Figure 5 Spatial Distribution Characteristics of Runoff Erosion Activity: (a) Channel gradient; (b) Linear fit coefficients of the longitudinal profile; (c) Length of river segments across different stream power intervals; (d) Stream power distribution; (e) Stream power gradient; (f) External dynamics in a typical debris flow Channel (f-1) and its geomorphic landscape (f-2); (g) Number of erosion and deposition grids in the mainstream of the Jinsha River; (h) Longitudinal profile of the Jinsha River and stream power gradient along the river; (k) A typical high-energy watershed environment. Note: In this study, we calculated the gradient values, stream power, and power gradients for all river reaches. Due to the extensive spatial data involved, we applied interpolation techniques to simplify the results for easier interpretation by readers, as shown in panels (a), (b), (d), and (e). Image credit: Zhenkui Gu.

Figure 6 Characteristic statistics of High-Energy valley: (a) Variation in the Number of High-Energy Reaches with Channel Buffer Distance; (b) Debris flow investigation points in various stream power gradient intervals. Note: High-energy valleys are defined here as those with a stream power gradient greater than 1.3 × 10⁴ W m⁻² and the threshold is defined according to the inflection point of the trend change of the fitted curve. This chart displays the count of high-energy valleys within a 200 m buffer along the Jinsha River and Yalong River, across a range of buffer widths, specifically including those with a stream power gradient exceeding 1.3 × 10⁴ W m⁻².

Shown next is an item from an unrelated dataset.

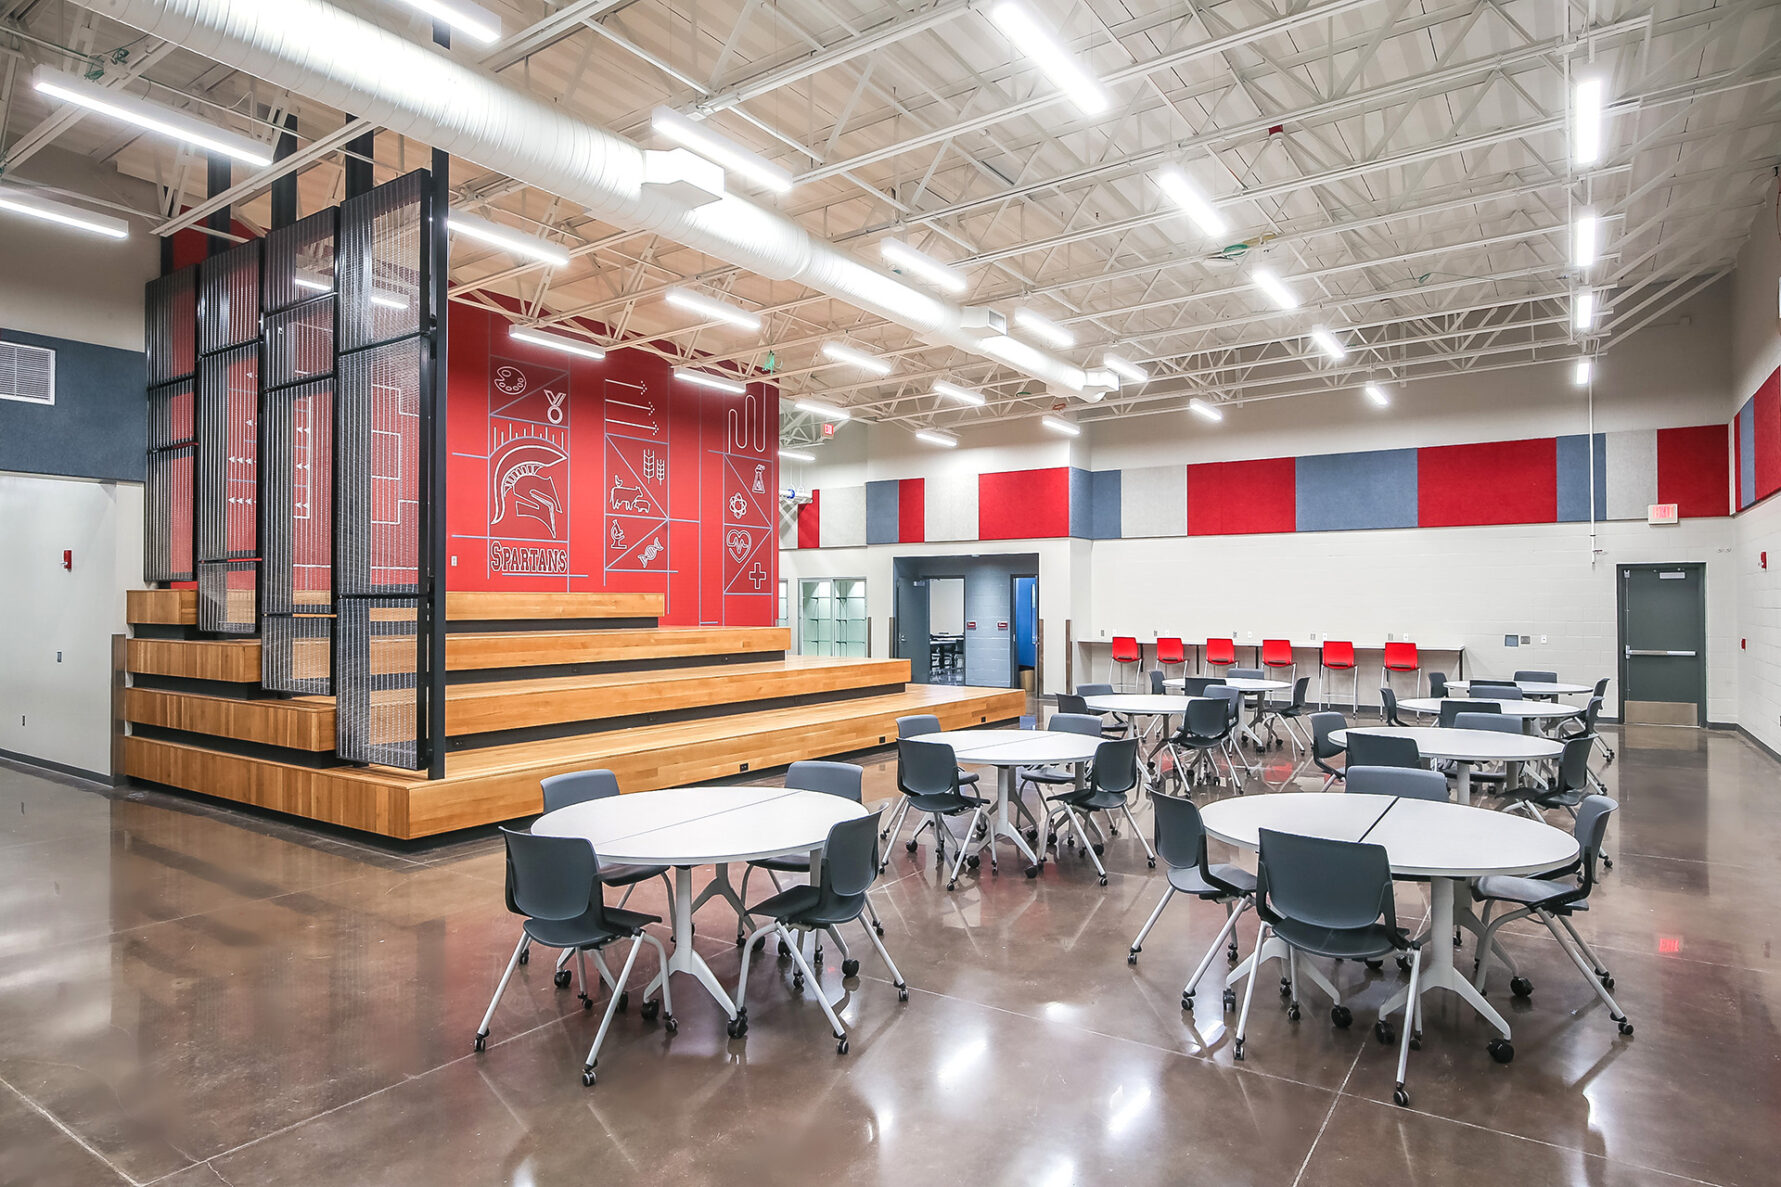 A commons area at Emporia High School, a McCownGordon project.

4.2 Variations in Surface Erodibility and Connectivity

The formation and transportation of debris flow source material are significantly influenced by surface erodibility and terrain connectivity. During the short period of debris flow formation, an equilibrium is often established between the supply of eroded material to the river and the river's capacity to transport and deposit these materials. The source material typically originates from loose debris triggered by earthquakes, landslides, or shallow landslides, which evolve into unconfined debris (mud) flows. In flatter regions, stable accumulation occurs, disrupting surface connectivity. As shown in Fig. 7, areas with high erodibility in the Jinsha River basin are primarily concentrated in the downstream regions, where the erodibility factor (K) typically exceeds 0.245 t ha h (ha MJ mm)⁻¹. These regions are characterized by high clay content and low organic matter. The connectivity of these areas follows a distinct pattern, with lower values in the source regions and higher values in the middle and lower reaches. The Index of Connectivity (IC) values range from −2.47 to 1.17, with high-connectivity zones mainly found in the middle sections of the Jinsha River and along both sides of the Yalong River. In these high-connectivity zones, IC values generally exceed 2.68, which corresponds to the spatial distribution of high-energy or high-gradient valleys. The transition in connectivity between valley slopes and valley bottoms shows a clear decline in values, from high at the slopes to low at the valley bottoms. Deeply incised valleys typically exhibit low connectivity, with the valley bottom often having lower connectivity than the adjacent valley branches. These low-connectivity regions are highly prone to sediment accumulation, which can lead to the formation of barrier dams.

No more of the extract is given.